Eschyle, le plus ancien des tragiques grecs, écrivait, il y a vingt-cinq siècles, dans Agamemnon : « La violence a coutume d’engendrer la violence ».

 

2 500 ans plus tard, cette préscience se confirme, hélas, à l’endroit de la femme. Jour après jour, celles-ci, femmes, subissent des violences, sous des formes très variées, parce qu’elles sont femmes. Ainsi, « 86 % des Françaises ont été victimes d’au moins une forme d’atteinte ou d’agression sexuelle dans la rue au cours de leur vie » selon la récente enquête « Les femmes face aux violences sexuelles et le harcèlement dans la rue ».

 

Loin d’être isolé, ce phénomène de violence est mondial. Les très nombreuses études le révèlent et quantifient ces faits. À cet égard, un chiffre suffit pour prendre conscience de l’ampleur du problème : un tiers des femmes a subi ou subira des agressions d’ordre physique ou sexuel dans sa vie.

 

Cette réalité accablante prend corps avec les révélations courageuses, douloureuses, de nombreuses femmes, sur tous les continents, sur ces violences à travers une importante et nécessaire médiatisation, au cours des dernières années, via les réseaux sociaux, la presse nationale et internationale mais aussi par des évènements moins visibles mais tout aussi importants : les actions en justice.

 

Une grande difficulté posée par ce problème est de savoir en quoi consiste la violence. Elle ne peut être résumée aux actes les plus graves, les plus répréhensibles, que notre humanité conteste.

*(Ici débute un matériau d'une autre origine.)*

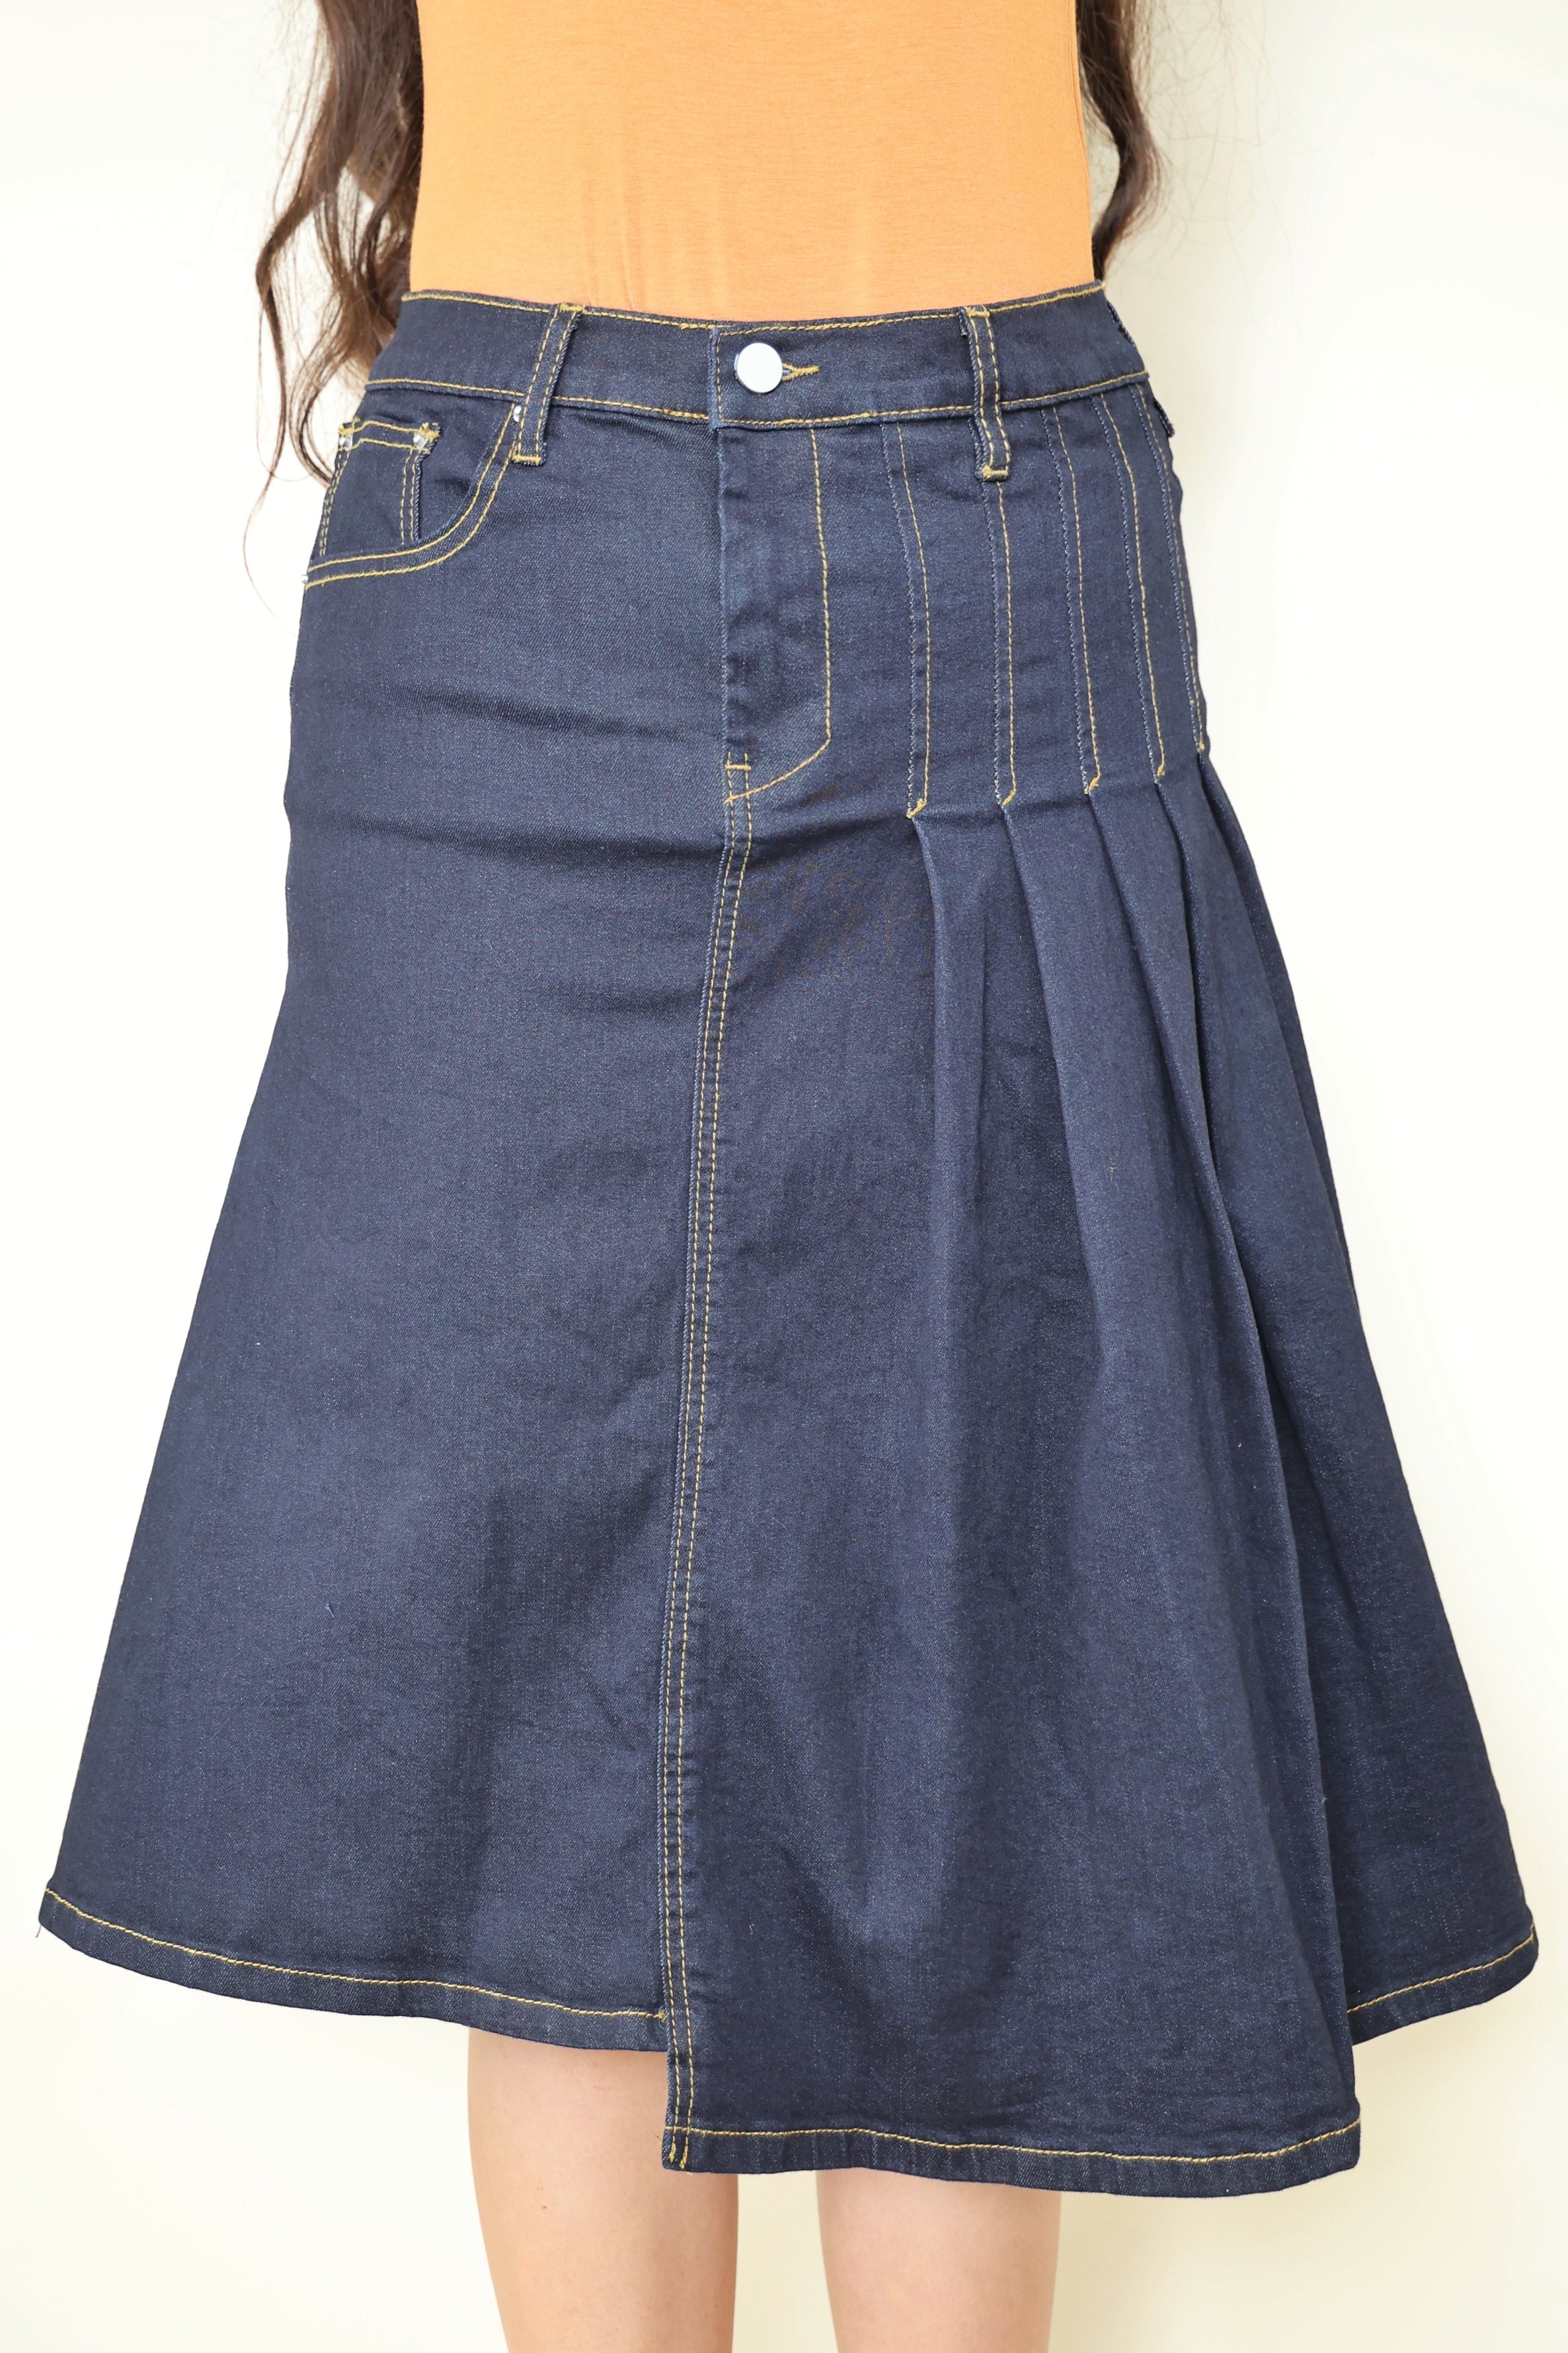 Blue denim skirt women's straight new slit fashion diamond lattice

Comme le rappelle le Larousse, la violence est le « caractère de ce qui se manifeste, se produit ou produit ses effets avec une force intense, brutale et souvent destructrice », elle ne peut donc répondre à une situation particulière, avec une acceptation spécifique, et de fait à une solution ciblée.

Au contraire, la violence est bien plus que cela : elle est plurielle, pernicieuse, répandue, camouflée, polymorphique et fourbe.

Elle est physique, sexuelle, verbale, domestique, psychologique, psychique, culturelle, partout où l’être humain interagit avec autrui.

Omniprésente, elle désigne un viol, un propos dégradant quel qu’il soit, une menace, l’oppression, la mutilation génitale, l’emprise, la violence économique, la violence domestique, le harcèlement ou encore l’agression sexuelle.

                                              

Et son auteur peut être tout autant difficile à identifier tant les réalités sont nombreuses et difficiles.

 

En ce début de vingt-et-unième siècle, la grande question qui est posée à notre humanité est : 

 

« Quelle société voulons-nous ? »

 

Celle où la femme craint pour sa vie ou celle où l’être violent n’a pour choix que d’évoluer et de ne plus l’être ?

 

C’est par l’écoute, par le dialogue, par le respect, mais aussi par une action déterminée, ferme et assumée que les lignes évolueront.

 

La réponse à un problème mondial doit se faire à grande échelle.

La première étape doit être celle de la prise de conscience. Nous progressons jour après jour, grâce aux campagnes de sensibilisation, aux communications répétées sur les réseaux sociaux, dans la presse ou aux affichages pédagogiques permettant d’alerter. Collectivement cette prise de conscience doit être lucide, exigeante sans tomber dans les travers de certains qui ont une logique vengeresse.

La deuxième étape doit être celle de la « riposte ». Elle ne doit être ni excessive, ni insuffisante. Elle doit répondre au noble mot de justice, à l’égard des victimes en premier lieu, de l’Homme en second lieu, car toute atteinte à autrui est une atteinte à l’humanité.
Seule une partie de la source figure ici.